- **Data segment**:
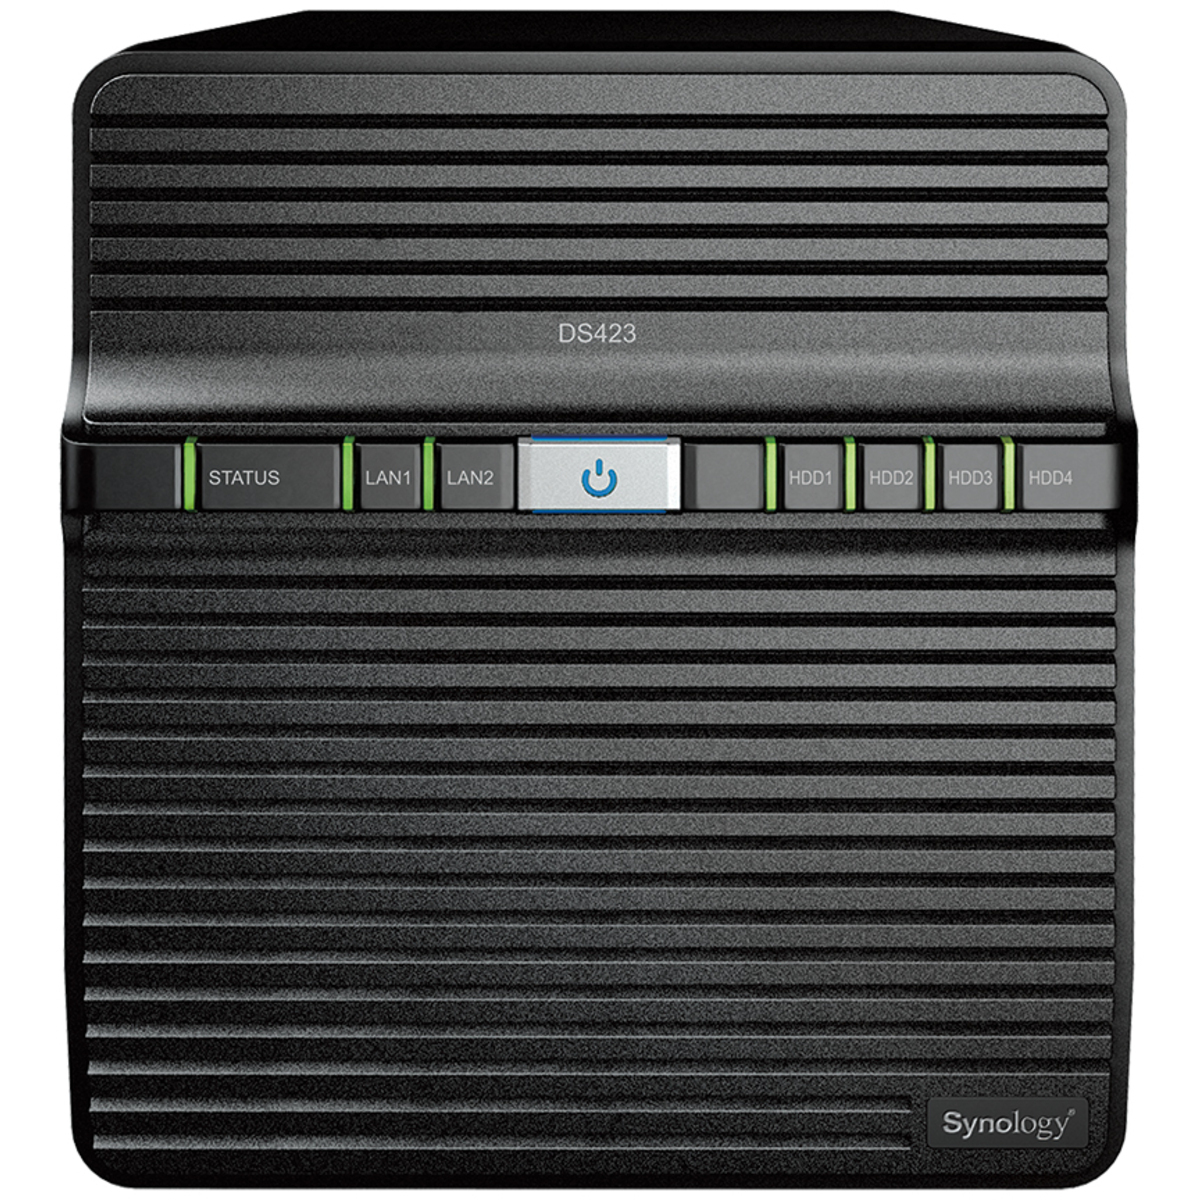 Synology DiskStation DS423 44tb 4-Bay Desktop Personal / Basic Home / Small Office NAS - Network Attached Storage Device 2x22tb Western Digital Ultrastar HC580 SED WUH722422ALE6L1 3.5 7200rpm SATA 6Gb/s HDD ENTERPRISE Class Drives Installed - Burn-In Tested DiskStation DS423
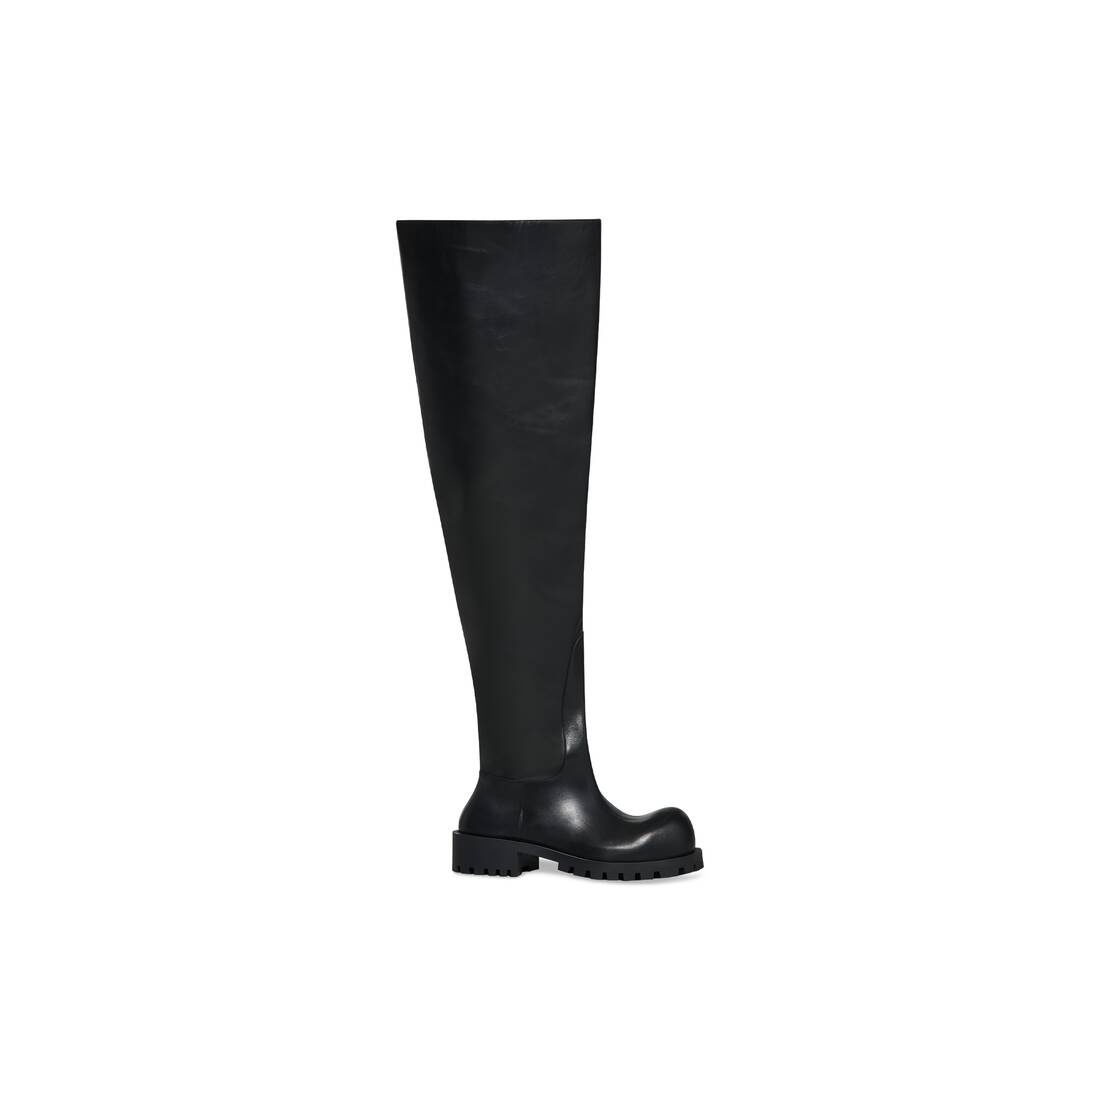 hummer over-the-knee boot - 1
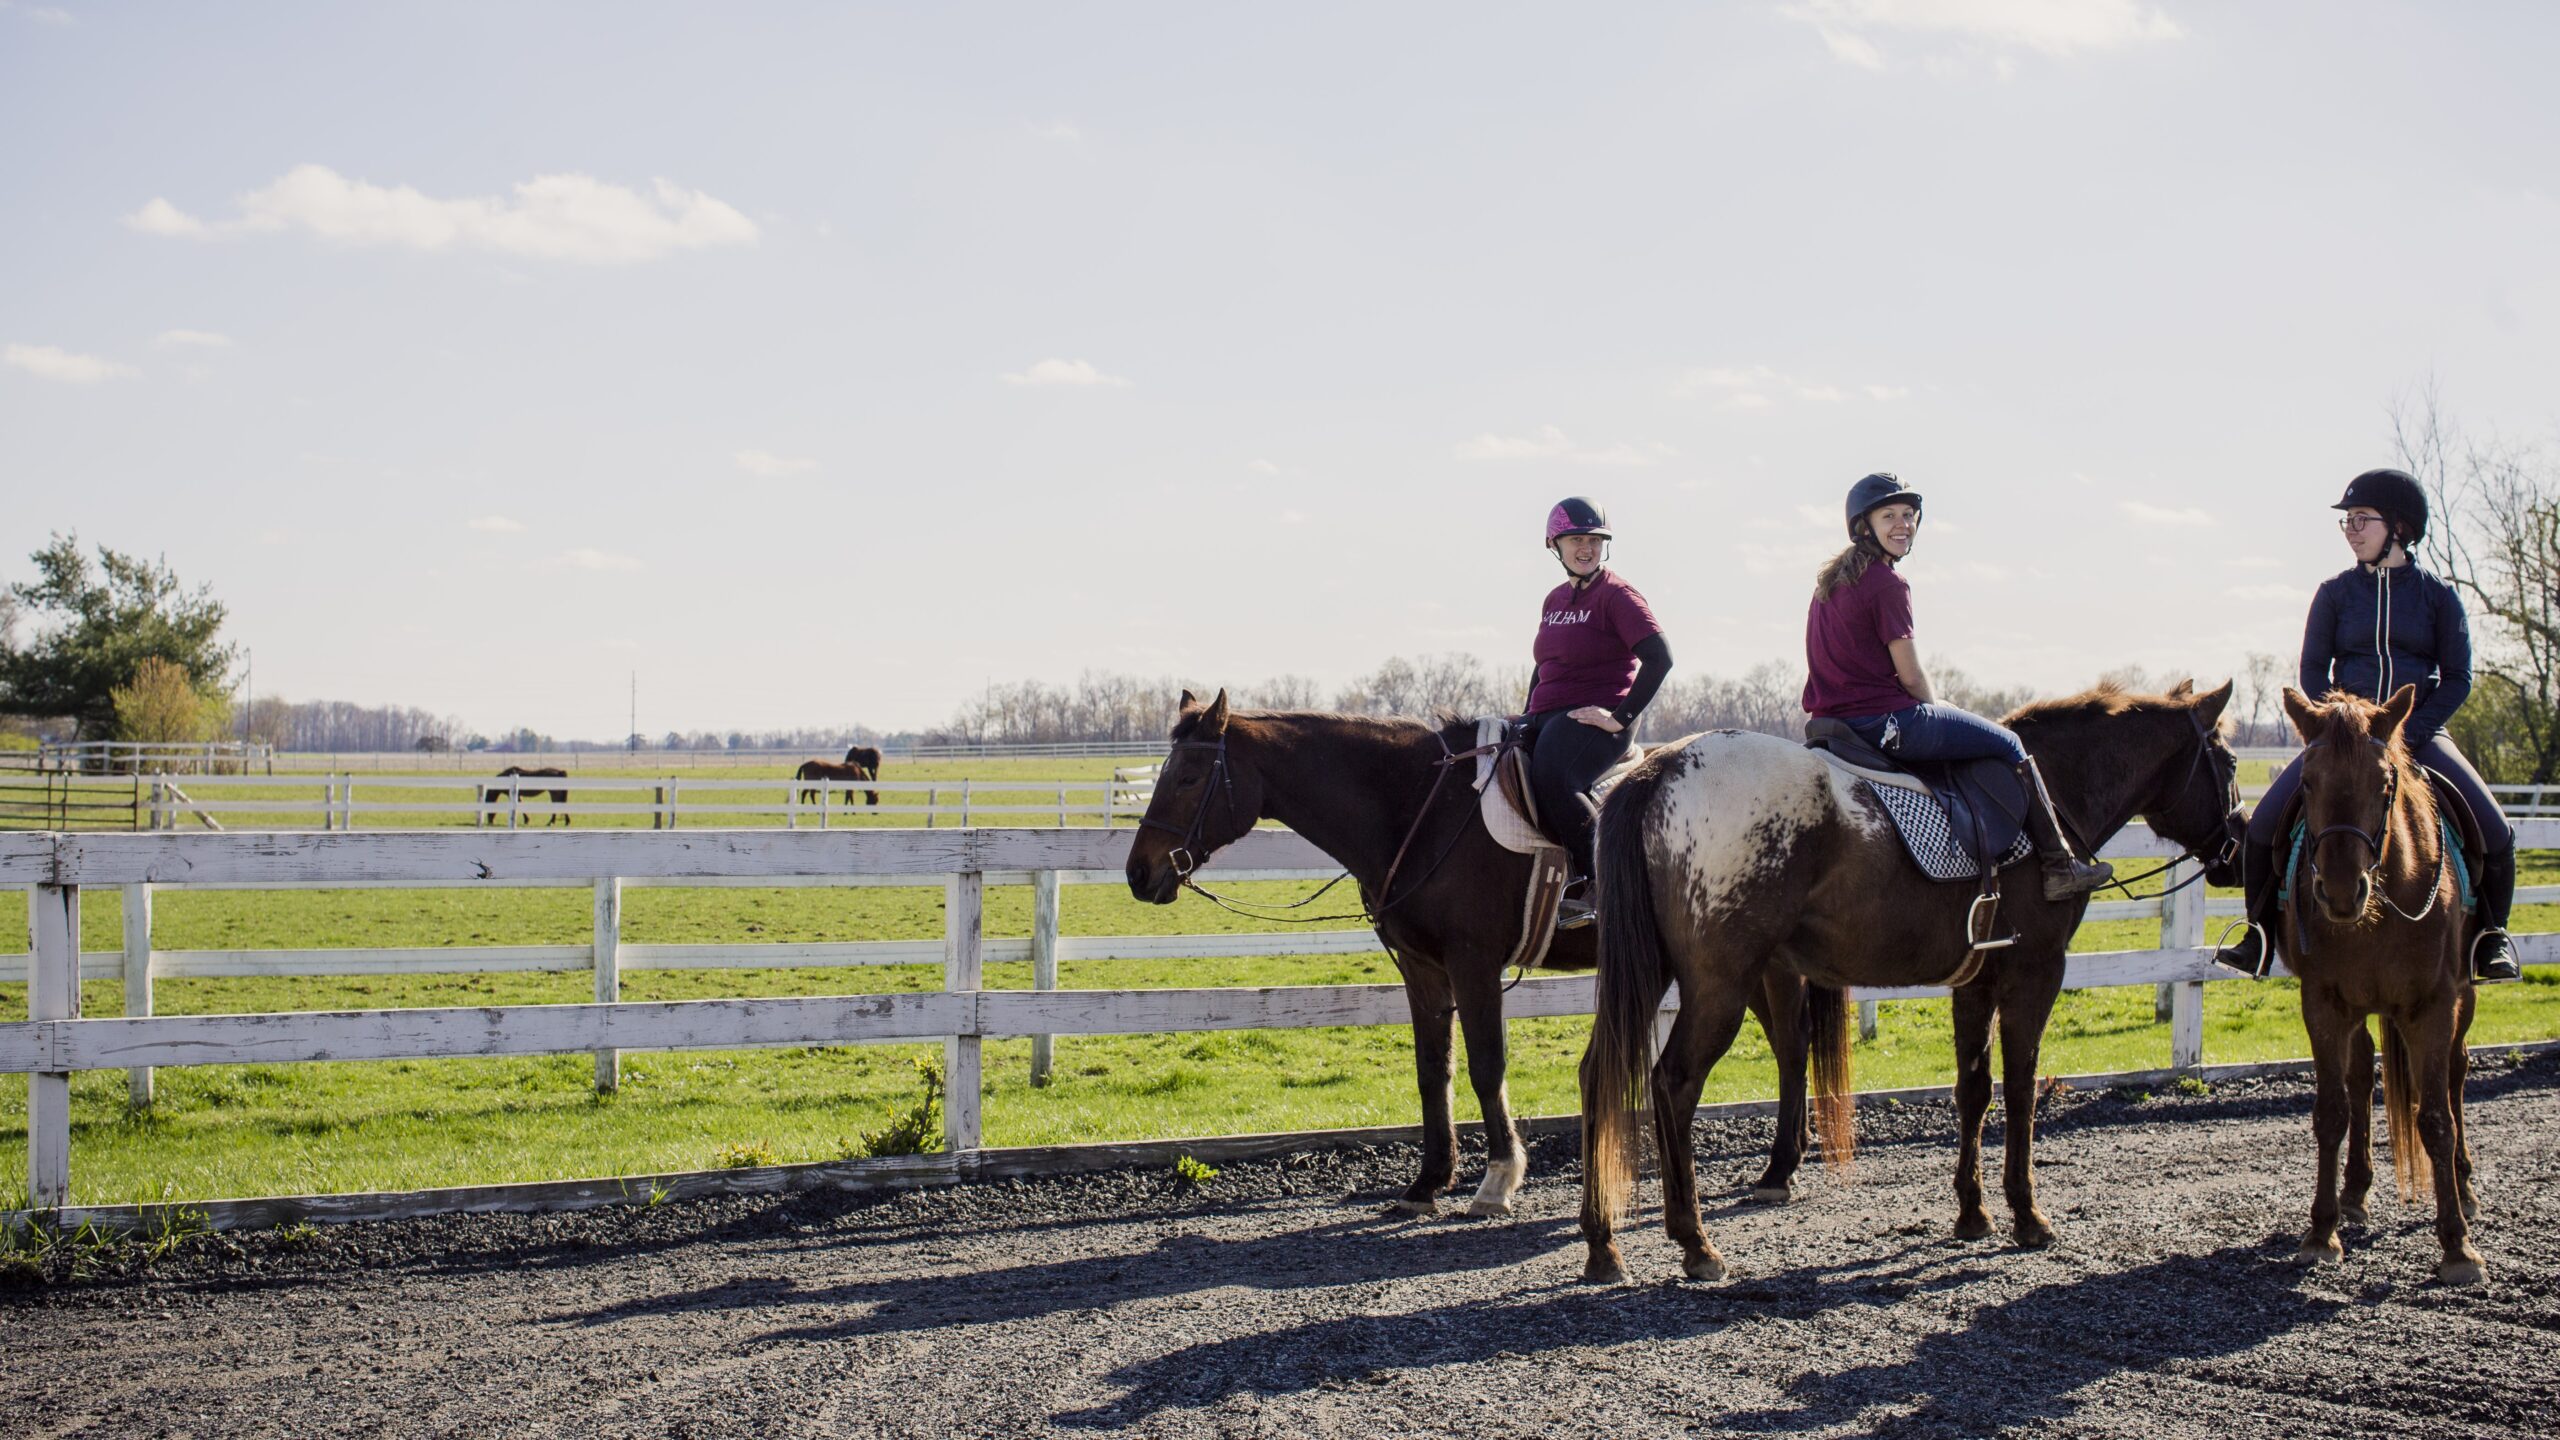 Members of the equestrian program enjoying a beautiful spring day on horses.

- **Task**: Without including the pictures, copy all of the data exactly.

- **Written answer**:
 Synology DiskStation DS423 44tb 4-Bay Desktop Personal / Basic Home / Small Office NAS - Network Attached Storage Device 2x22tb Western Digital Ultrastar HC580 SED WUH722422ALE6L1 3.5 7200rpm SATA 6Gb/s HDD ENTERPRISE Class Drives Installed - Burn-In Tested DiskStation DS423
 hummer over-the-knee boot - 1
 Members of the equestrian program enjoying a beautiful spring day on horses.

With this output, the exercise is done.